= Sheldon Gosline =

American Egyptologist

Sheldon Lee Gosline is an American Egyptologist who has extensively studied the ancient civilizations of the Far East. He is noted for proposing the existence of a developing literate civilization in southern China dating to the second millennium BCE.

==Biography==
Sheldon Lee Gosline began his professional education at the University of Pennsylvania, where he received a B.A. degrees in Oriental Studies and Art History in 1985. He later continued his studies at the University of Cambridge, where he received a B.A. degree 1988 and was awarded an M.A. degree in Oriental Studies in 1993.
He interrupted his stay at Cambridge to study at the University of Chicago, receiving an M.A. degree in Egyptology and Near Eastern Archaeology in 1992.
After Cambridge he studied at University of Wisconsin-Madison. He received his Ph.D. in 2013 from University College London, where he researched at the Wellcome Trust Centre for the History of Medicine and the UCL Centre for the History of Medicine. His thesis concerned the intersection of business and medicine.

==Career==
Gosline is owner of Shangri-La Publications Art Design and Shangrila Gifts based in Warren Center, PA.

Gosline has taught at Northeast Normal University, Changchun, China; and at UW-Madison. He was at Northeast Normal University through 2004.
In 2011, he moved to London to pursue a Ph.D. in the history of medicine, at University College London. Once he completed the degree, he returned to China to research the writing of the country's minority groups. He was first a visiting professor at Minzu University of China and Tsinghua University, both in Beijing. Since 2015, he has taught medical humanities at Peking University. He is a member of several professional associations.

He states that he has become proficient in or conversant with nine contemporary or ancient languages.

==Lost civilization theory==
IN 2013 Gosline was shown some inscriptions found in Guangxi province and considered that several were based on the Indus script and Persian cuneiform. On a field trip to the area where they were found in 2014 he discovered what he considered evidence of further inscriptions made up of large rocks regularly spaced and what he called "a man-made platform of megalithic construction" and something that "appeared to be a carved chair or throne". Sitting on it he "sensed a harmony and that I was in the midst of an ancient time calculating device". He returned to what he called an "observatory complex" with caver including royal burials in June 2014 with a group of researchers who examined the site and stated that "We confirmed most of the things I'd found as potential alignments, and we confirmed that there was artifact evidence in the area that showed human occupation." He reported this in a talk to the New York Explorers Club later that year, saying that he believed he had found an unknown civilization.

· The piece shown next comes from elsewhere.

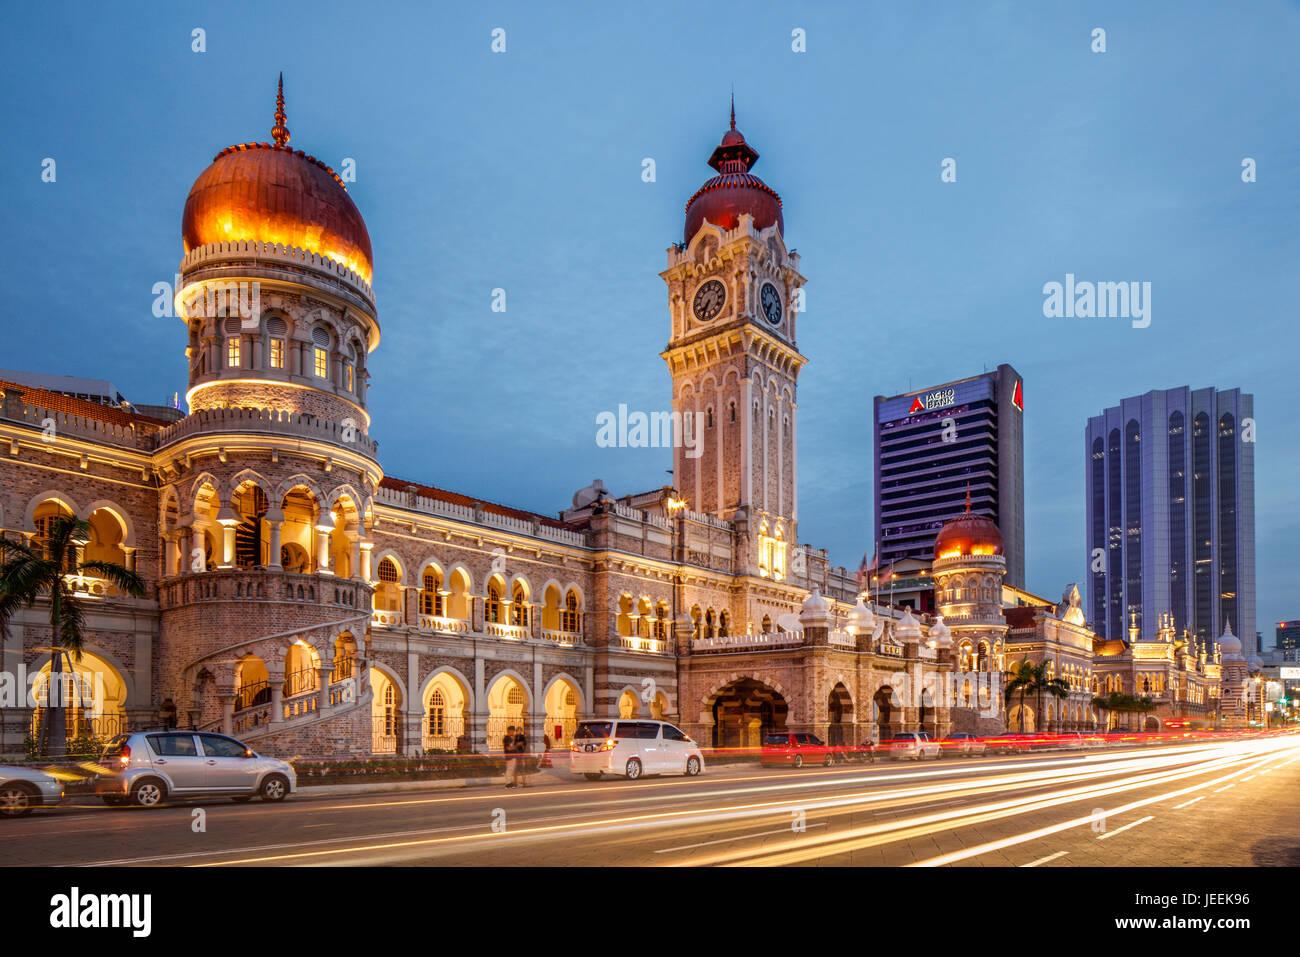 Le Sultan Abdul Samad Building, Kuala Lumpur, Malaisie. Photo Stock

Reports from Chinese researchers who accompanied him were less positive. Dr. Ye Xiaohong reported that "Two suspected cave tombs are not man-made," "No artificial traces were found on the huge stone in the suspected artificial remains, neither the suspected structures for observation nor the suspected ancient topographic maps" and that what Gosline had interpreted as ancient writing on some rocks "were certainly produced by natural force". The Chinese researchers also surveyed the alignments that Gosline thought related to the chair (which they agreed was a natural water-created formation) and concluded that the stone could not have been used as part of an observatory.

Another Chinese researcher who was part of Gosline's group stated that "Gosline proclaimed that he had found several megalithic sites including observatories, palaces, and ancient cave tombs，petro-glyphs and even plan maps at Gansang, Nadou, and Bupeng in Pingguo county, Guangxi". The conclusion was that "We have not found any artificial remains, artifacts, and occupation layer both at Nadou and Bupeng sites" and that most of the "scratches, the petro-glyphs and plan maps on the rocks called by Gosline, are natural" with a few that might be artificial and needed microscopic examination. However they did believe that the "Gansang site might have worked as an important settlement in Youjiang River Reach." Commenting on the engraved stones reported by Gosline, they commented that they seemed too new, that they were too intact with "the whole texts just fit to the sizes of the planks", that they lacked an archaeological context and that there were too few repetitions of characters.

Gosline's observation that the newly discovered inscriptions seemed to include Persian cuneiform is unproven as of 2016.